Cryptocurrencies have gone mainstream, with millions of Americans having traded and institutions increasingly holding digital assets. Growth in the valuations of bitcoin, ethereum, and the once-farcical dogecoin helped the market cap of digital coins blow past $3 trillion for the first time in November.
Traditional finance houses like JP Morgan and Morgan Stanley have also opened their clients up to crypto investing.
Keen to understand how cryptocurrencies and their associated technologies might change the financial ecosystem, America’s venture capitalists have enthusiastically backed cryptocurrency trading platforms and blockchain-focused startups, pouring around $30 billion into the area in 2021, Bloomberg reported, citing PitchBook data.
Their counterparts in Europe have been more circumspect.
In 2018, London-based firm MMC Ventures had begun research into blockchains — the public ledgers that underpin cryptocurrencies such as bitcoin and ether — and the sector was seen as “speculative and a bit wacky even,” said partner Oliver Richards.
For context, 2018 was also the year US investors enthusiastically valued crypto exchange Coinbase at $8 billion. It would go on to IPO in 2021 at an $86 billion valuation.
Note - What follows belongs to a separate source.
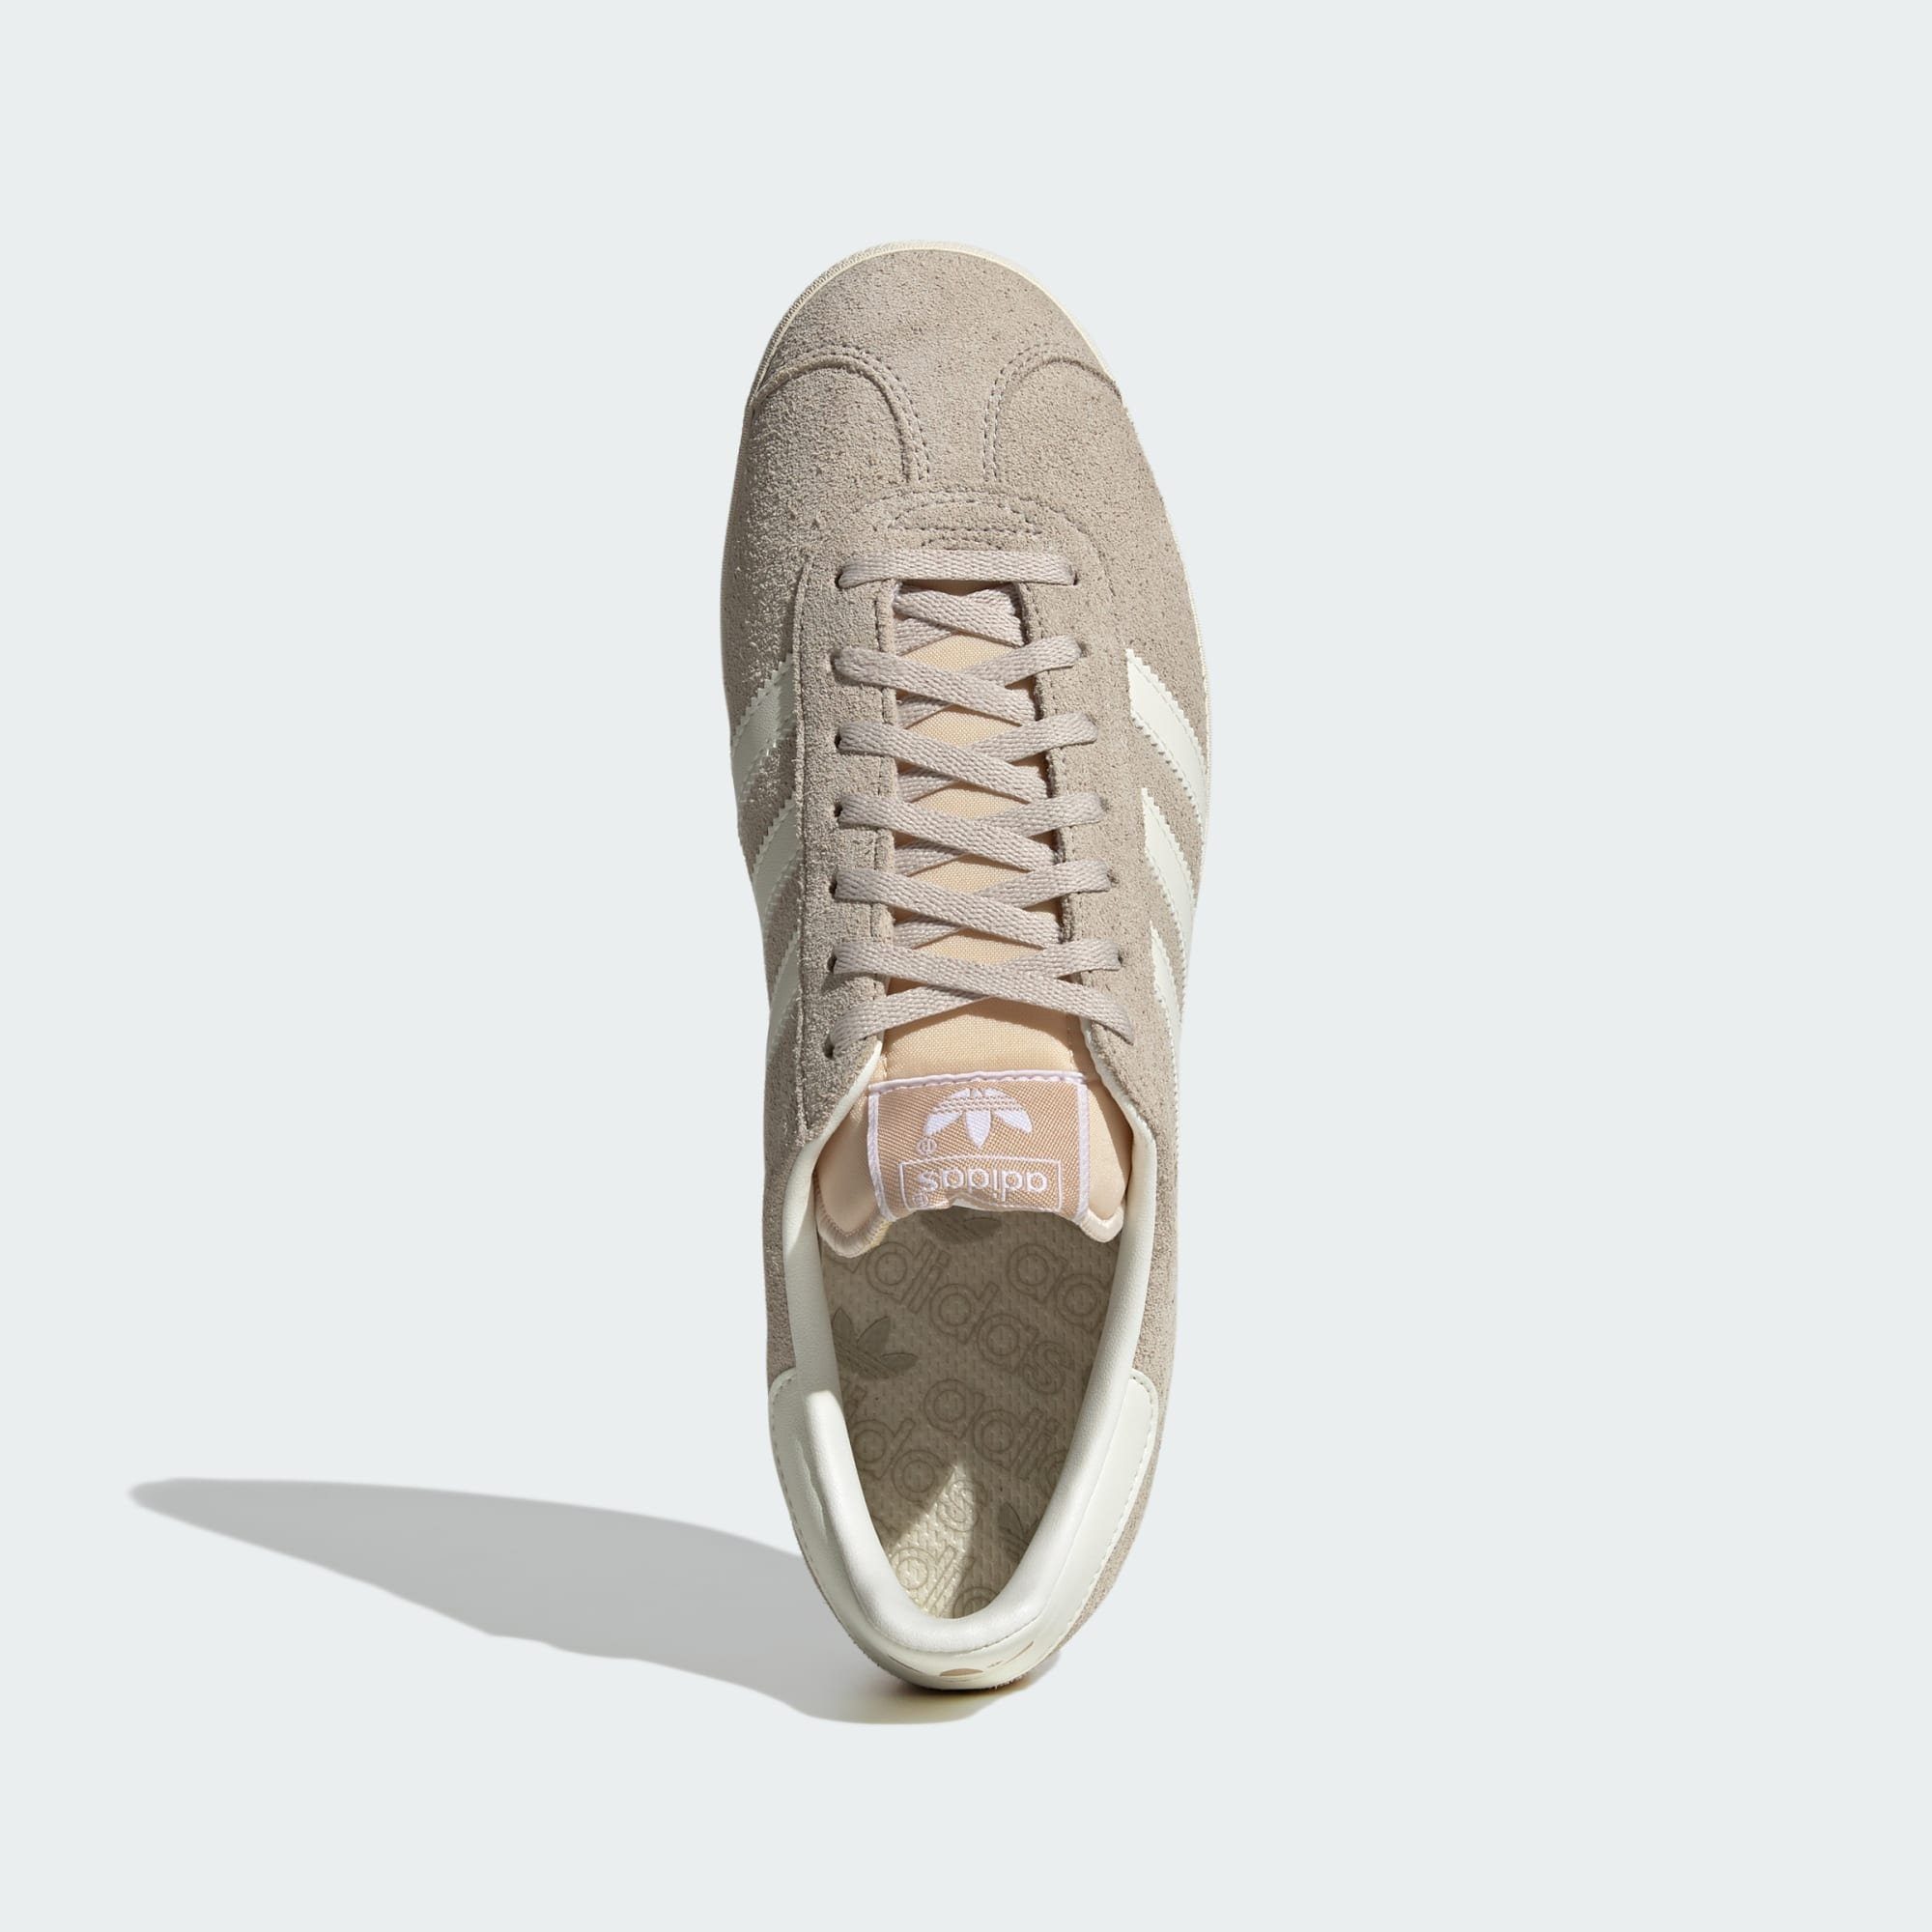 Originals Cream Sneaker adidas GAZELLE / White White Wonder / Beige SCHUH Off

“There was a bit of a price correction at the time and people like Jamie Dimon came out calling it gambling, which probably reduced the appetite of VCs,” Richards said of VCs’ cautious approach. “However, the underlying excitement we’ve had has never changed, and digital asset infrastructure is going to enable a new way for financial services to operate.”
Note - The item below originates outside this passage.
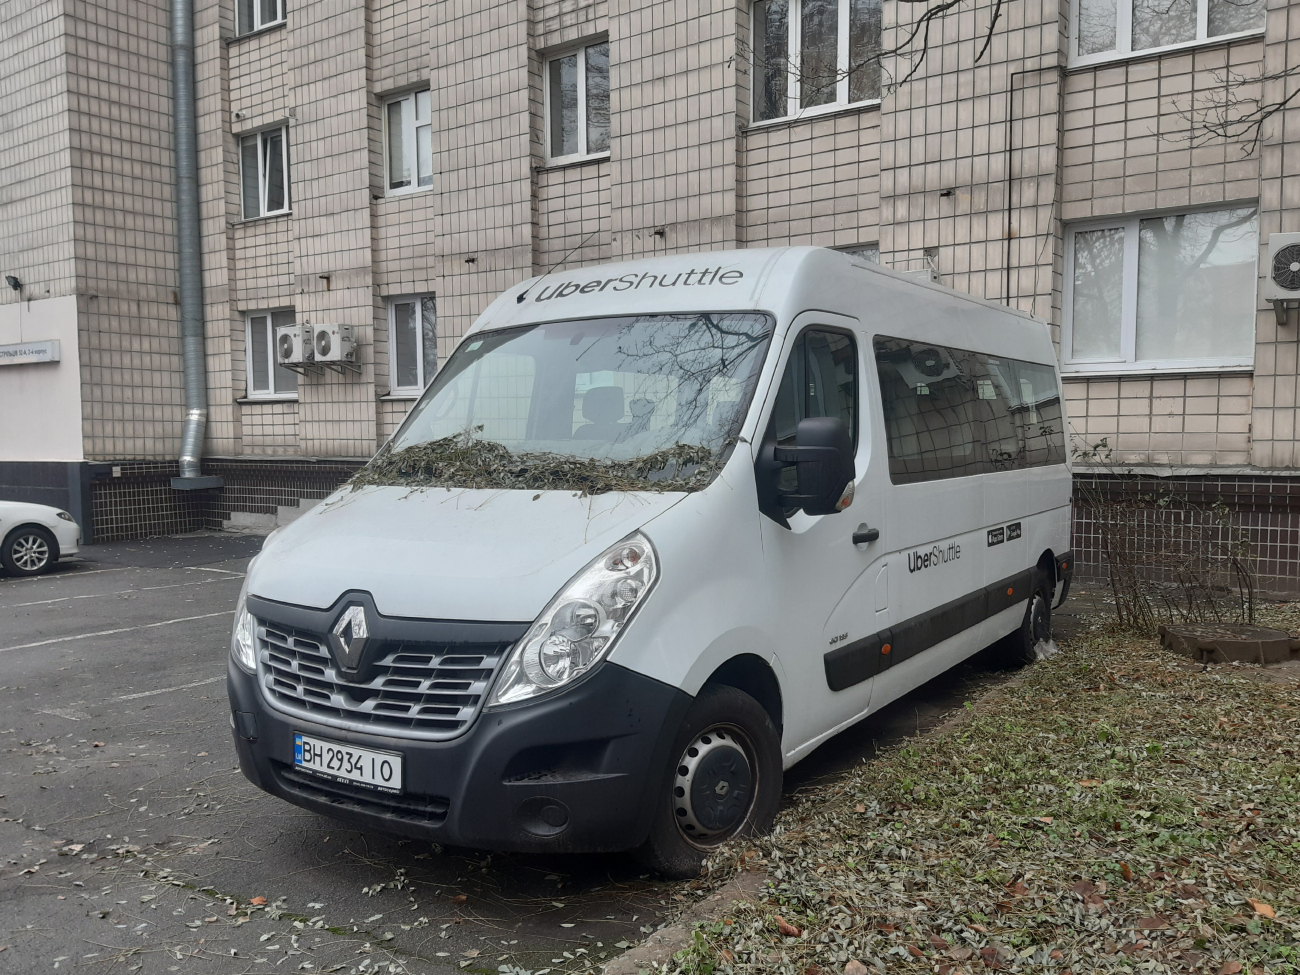 Kyiv, Renault Master No. ВН 2934 ІО

MMC went on to invest in cryptocurrency infrastructure startup Copper, and the arrival of startups that focus on the behind-the-scenes tech has gone on to set European interest alight.
Venture capitalists on the continent invested a record $2.2 billion into crypto and decentralized finance (DeFi) companies in 2021, according to data from Dealroom. That’s up considerably on a previous peak of $473 million in 2018.
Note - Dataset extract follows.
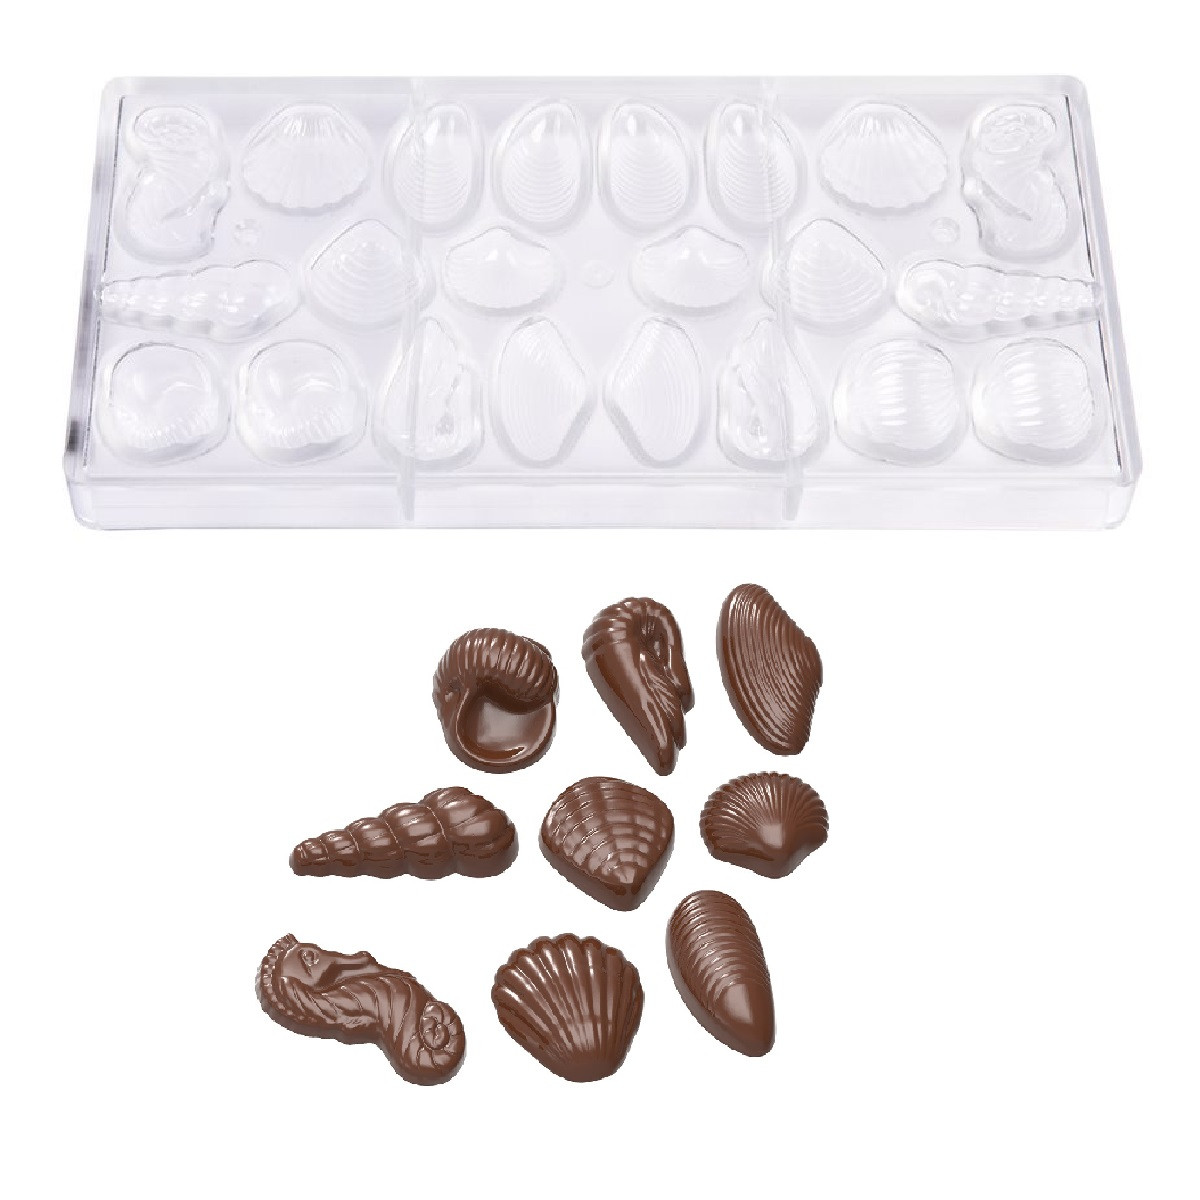 Chocolademal Chocolate World Zeefiguren (22x)

They are backing markets for digital assets such as NFTs; payments infrastructure; and decentralized finance, or DeFi, startups. French soccer-focused NFT-trading platform Sorare became a unicorn several times over in 2021 after it raised a $680 million funding round.
The acquisition of digital assets by traditional financial institutions, the explosion of DeFi as a tangible use case, and the use of NFTs as a form of art and collectibles has helped crypto become more easily understood by the mainstream consumer population, according to Toby Coppel, partner at Mosaic Ventures and a backer of Blockchain.com.
VCs contend that it’s often the underlying capabilities that cryptocurrencies and digital assets enable which pique their interest in the sector.
For example, fintech investors will see the need for tech-led solutions to payments barriers between crypto wallets and platforms — hence interest in startups such as London-based crypto payments firm Ramp, which recently raised $53 million in new funding.
Rana Yared, a partner at Balderton Capital who led the investment, said the broadening of the field for next-generation fintechs and infrastructure meant there were more investable companies than ever before in Europe.
“Throughout this passage of time we’ve invested in important companies in the digital asset space and there is now more of a mainstream conversion use case,” she said.
“As a generalist fund, we look at prevalent themes in the market and ask ‘is the innovation enough here to move the tech forward?'”
For Europe’s investors, the balance has increasingly tipped towards the affirmative.